At this point I wanted them to go back inside and deal with Don some more, so I let them find a note with a map of the sewers that showed a large treasure chest in the lair, and a hidden wall area that might have more treasure. This, of course, worked perfectly.

They went back inside, and ran into Don. The wizard decided to use Charm Person on him, and rolled I think it was a 12. Don, through conflicting emotions, came to terms with his new friends – he didn’t like what they had done, but he understood it. But they would need to meet Master Splinter.

Don left, and the barbarian dragged one of the turtles outside and removed the shell, to wear as additional armor. (BTW this is something I really love in DW. These kinds of things just seem to happen so much more in this game – these weird, crazy, things). So now he had a shell which gave I think +1 armor and basically invulnerable on the back.
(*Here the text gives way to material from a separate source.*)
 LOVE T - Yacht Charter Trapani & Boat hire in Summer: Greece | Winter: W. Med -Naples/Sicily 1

The barbarian also went back inside and found the secret wall compartment, and I gave him an axe which had a custom move, but I hadn’t quite figured it out, so I asked him about what it might do. (Looking back, probably should have waited for him to get into a spout lore or something…) We decided it could heat up, so it would basically cut clean through things more easily. 7-9 roll would overheat and he would drop it.
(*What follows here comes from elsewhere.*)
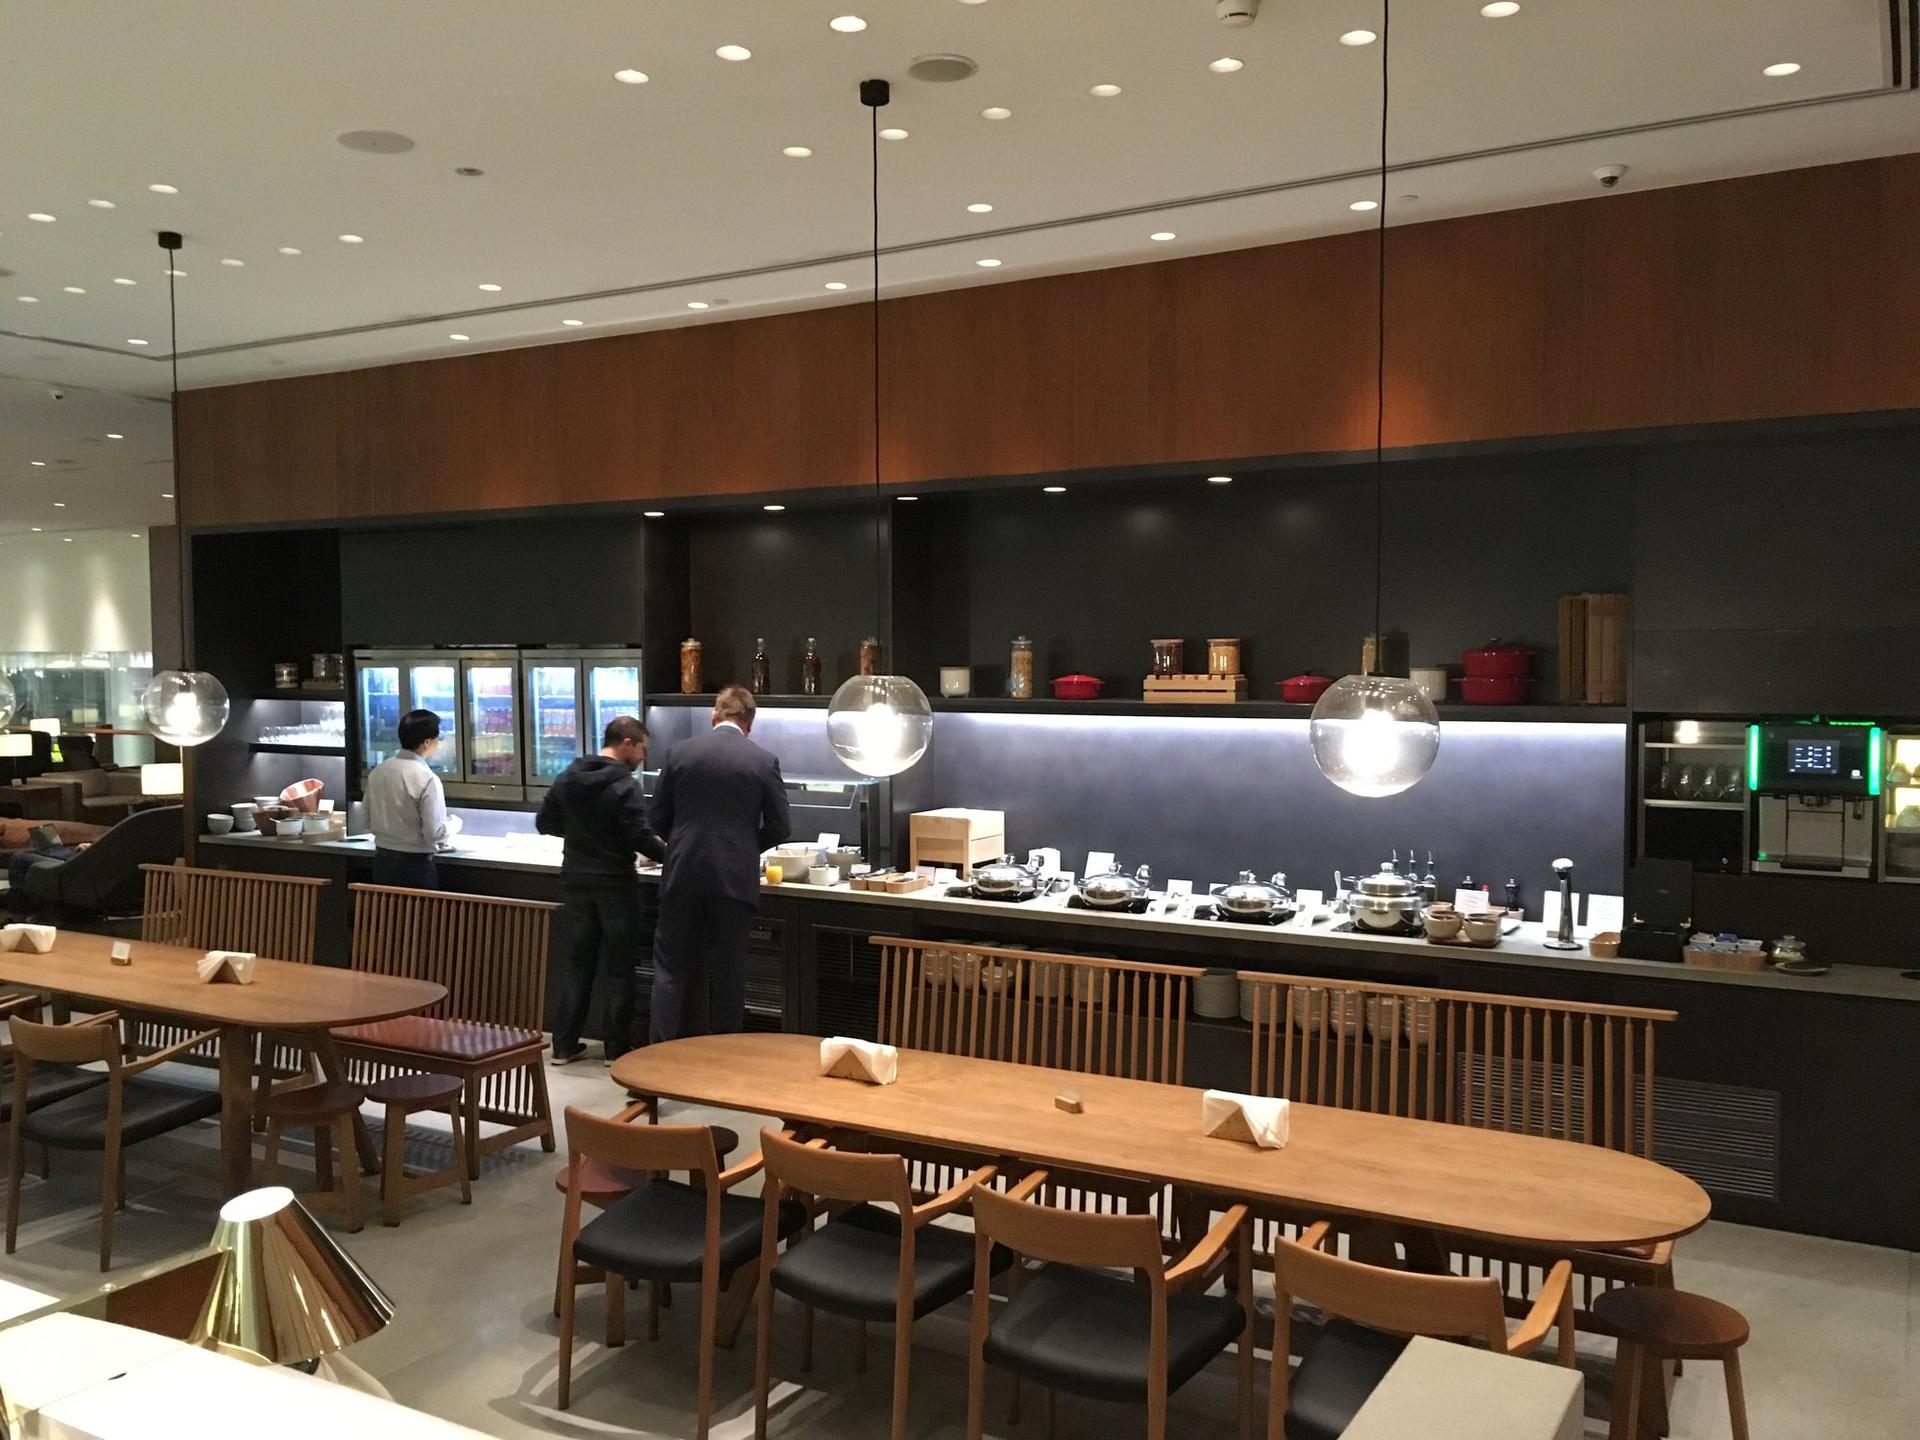 Cathay Pacific Lounge image 27 of 60

This, finally, is the end of the intro section, and we can get to the session we played.

For this session I had a few challenges:

– There would be two new players – one that was mostly versed in pathfinder and D&D, and one that had never played any tabletop rpg at all.

– One of the players was moving away – the evil wizard – so this would be likely last session.

– One of the players had expressed not enjoying DW as much as D&D (why I wrote my previous post, because the player felt my actions seemed arbitrary).

I needed to end the game for some characters, start and end the game for two new ones, and make sure I didn’t forget about one of my players that I just had not been doing enough for.

Work was especially busy that week, so I unfortunately had less time than I wanted to prep. One of the things I feel DW kind of does is make it feel like no prep is required (I understand it is expected that there is some because of exploit your prep, but everyone’s always talking about doing basically nothing). To be honest, I am not experienced enough for that, in any system. So I had decided I wanted to do more prep, but most of it was still done Friday night, just before the game on Saturday.

I had gotten an idea from a coworker, which I was super hesitant to use, but did end up using, because it was a pretty epic way to end things. I also know this idea might go against the agenda to play to find out what happens, and I also know I didn’t execute it perfectly. Still, it is what we did. It worked okay; I wouldn’t do it again, probably, until I am way better at this. More about that in a minute.

We had a short character creation and intro for the two new players – Queen Elsa, a ranger with some sort of ice powers, (I mean, I get who Queen Elsa is supposed to be, but I don’t think the ranger has any kind of powers like this, but it was fun so I just went with it), and Oopa, a Paladin. I honestly really messed this part up, because I didn’t really ask anything about the new characters. I am hoping they play again, and we will do a real character intro section, and get more story out of it.

They had previously left off in the sewers. However, the game opened with them standing on a large, flat lay of earth, with a swirling firestorm surrounding them. Winged creatures screeched in the firey winds. In the distance they could see two figures, one with a large blue orb over their head. They decided to approach.

As they came closer, they see that one of the figures is Finbar, the hireling from before. The other figure is a woman, standing in front of an altar. She asks the wizard for the book. I can’t remember exactly what happened next, but of course, they had a battle. This was the cult leader they had been looking for.

In my prep, I had tried to make this super challenging, but I was not used to having five characters instead of three, and two I had no idea what they did or how they played. I also made another mistake and leveled them to two to match the other characters. I know, lots of mistakes.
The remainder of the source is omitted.